A paradise of absence,
the dreamed-of freed from the dreamer, bodiless quenchings and consummations that tomorrow will draw the dreamer the way it draws the night tonight to press the giant black moth of itself against the windows of fluorescent blazing.

Park Bench

Behind the bench the drive,
before the bench the river.
Behind the bench, white lights approaching east and west become red lights receding west and east while before the bench,
there are paved and unpaved pathways and a grassy field,
the boathouse, and the playground, and the gardens of a park named for a man whom no one now remembers except in the forgetting that occurs whenever the park’s name is said.

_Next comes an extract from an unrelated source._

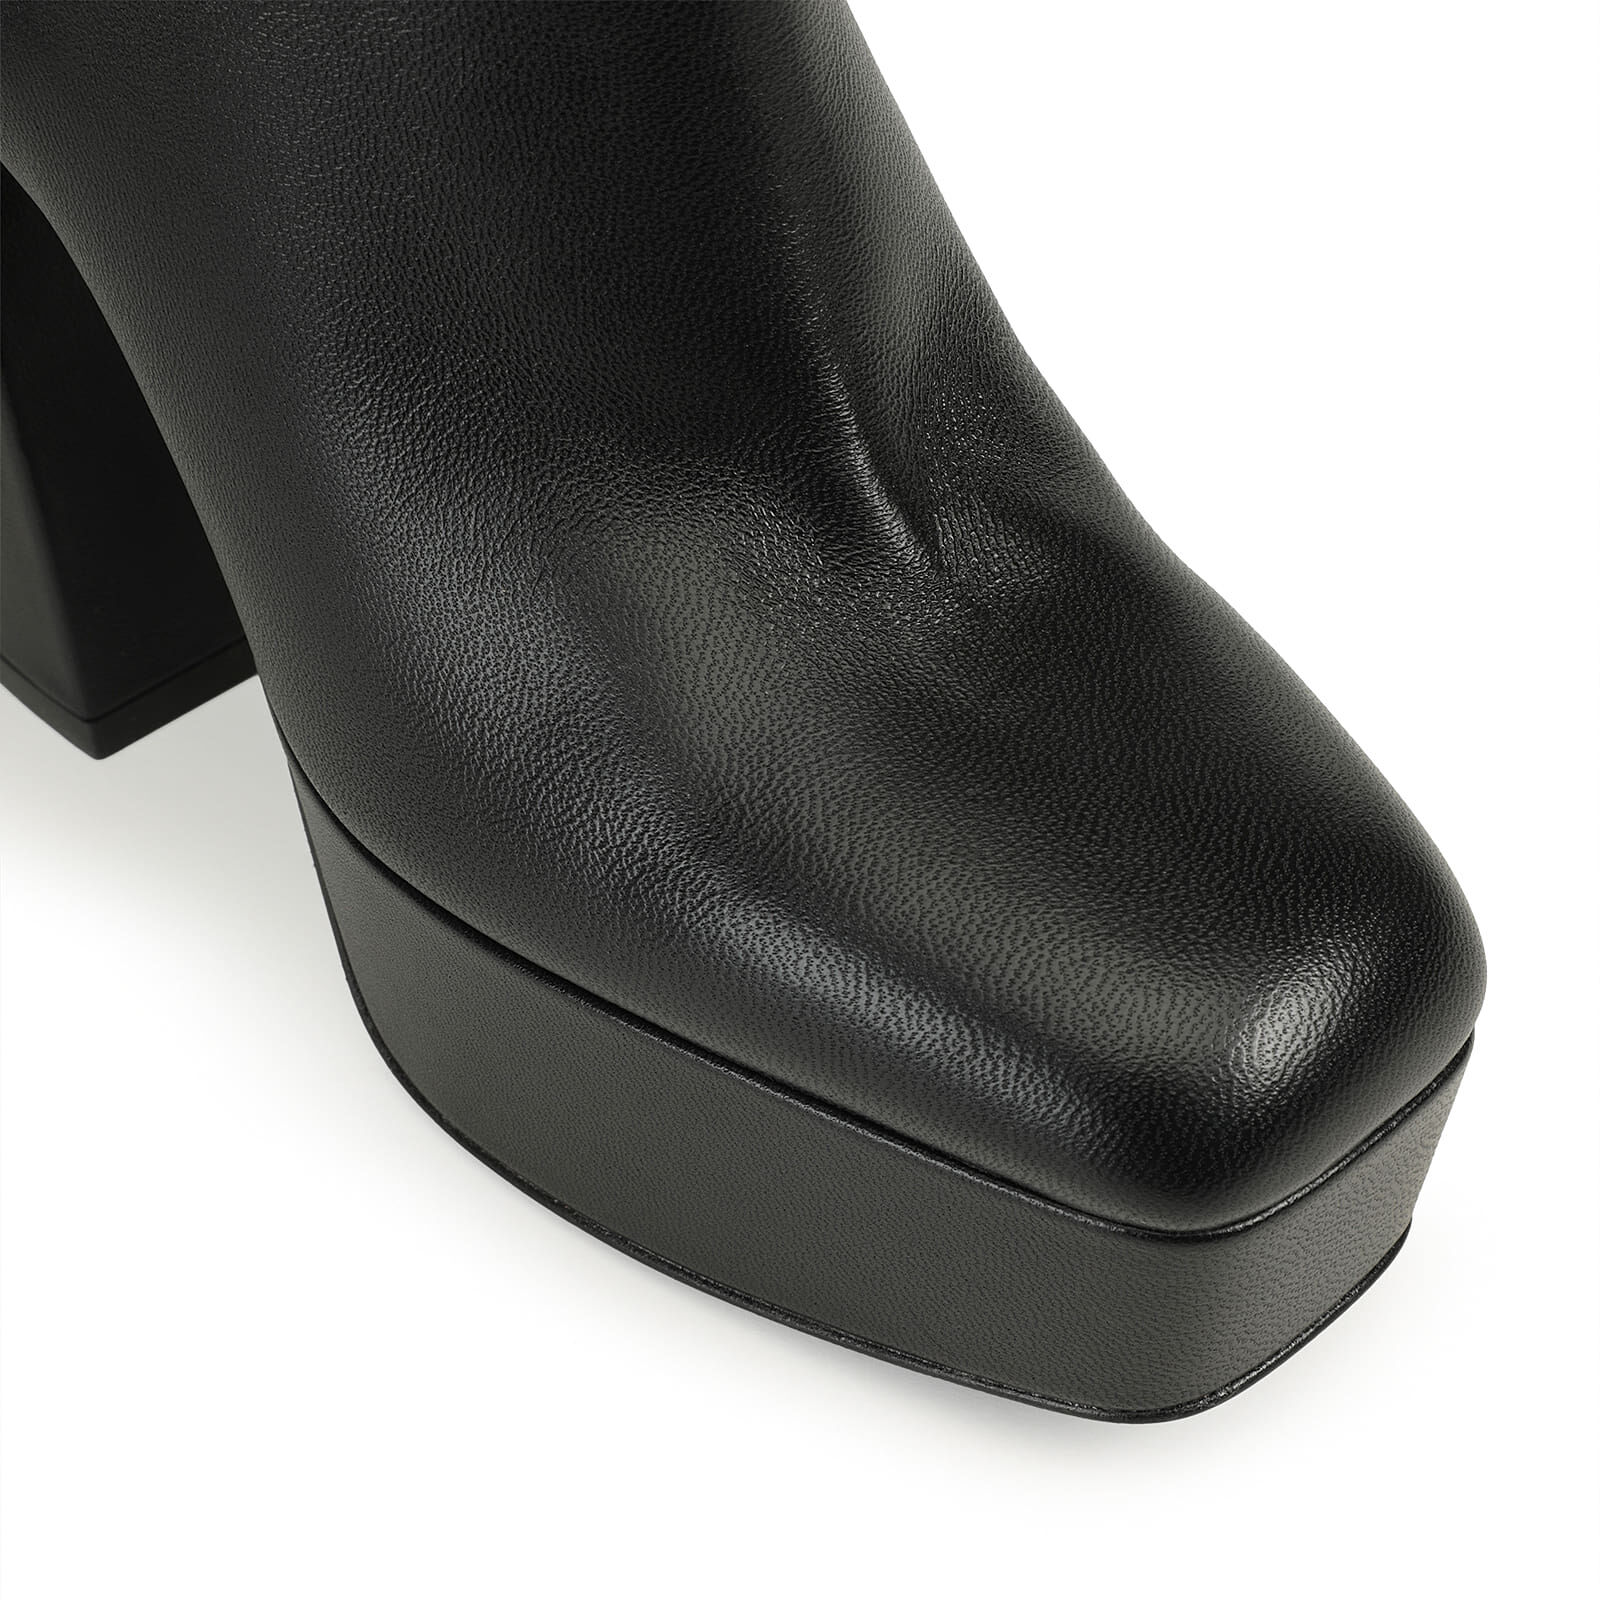 Booties Black High heel: 85mm, sr Alicia Platform - Booties Black

Left of the bench there is a bridge that spans the river and beyond the bridge around a bend floodlights from the giant dry goods that replaced the bowling alley that replaced the slaughterhouse are dumping fire all night long into the river; but here where the bench is,
the river is black, the river is lava long past its cooling,
black as night with only a few lights from the upper story of the trapezoidal five-star hotel across the water glittering on the water like tiny crystals in a black geode.
Haunt of courtship,
haunt of illicit tryst; of laughter or muffled scream, what even now years later may be guttering elsewhere on the neural fringes of a dream, all this the bench is empty of,
between the mineral river that it faces and the lights behind it speeding white to red to white to red to white.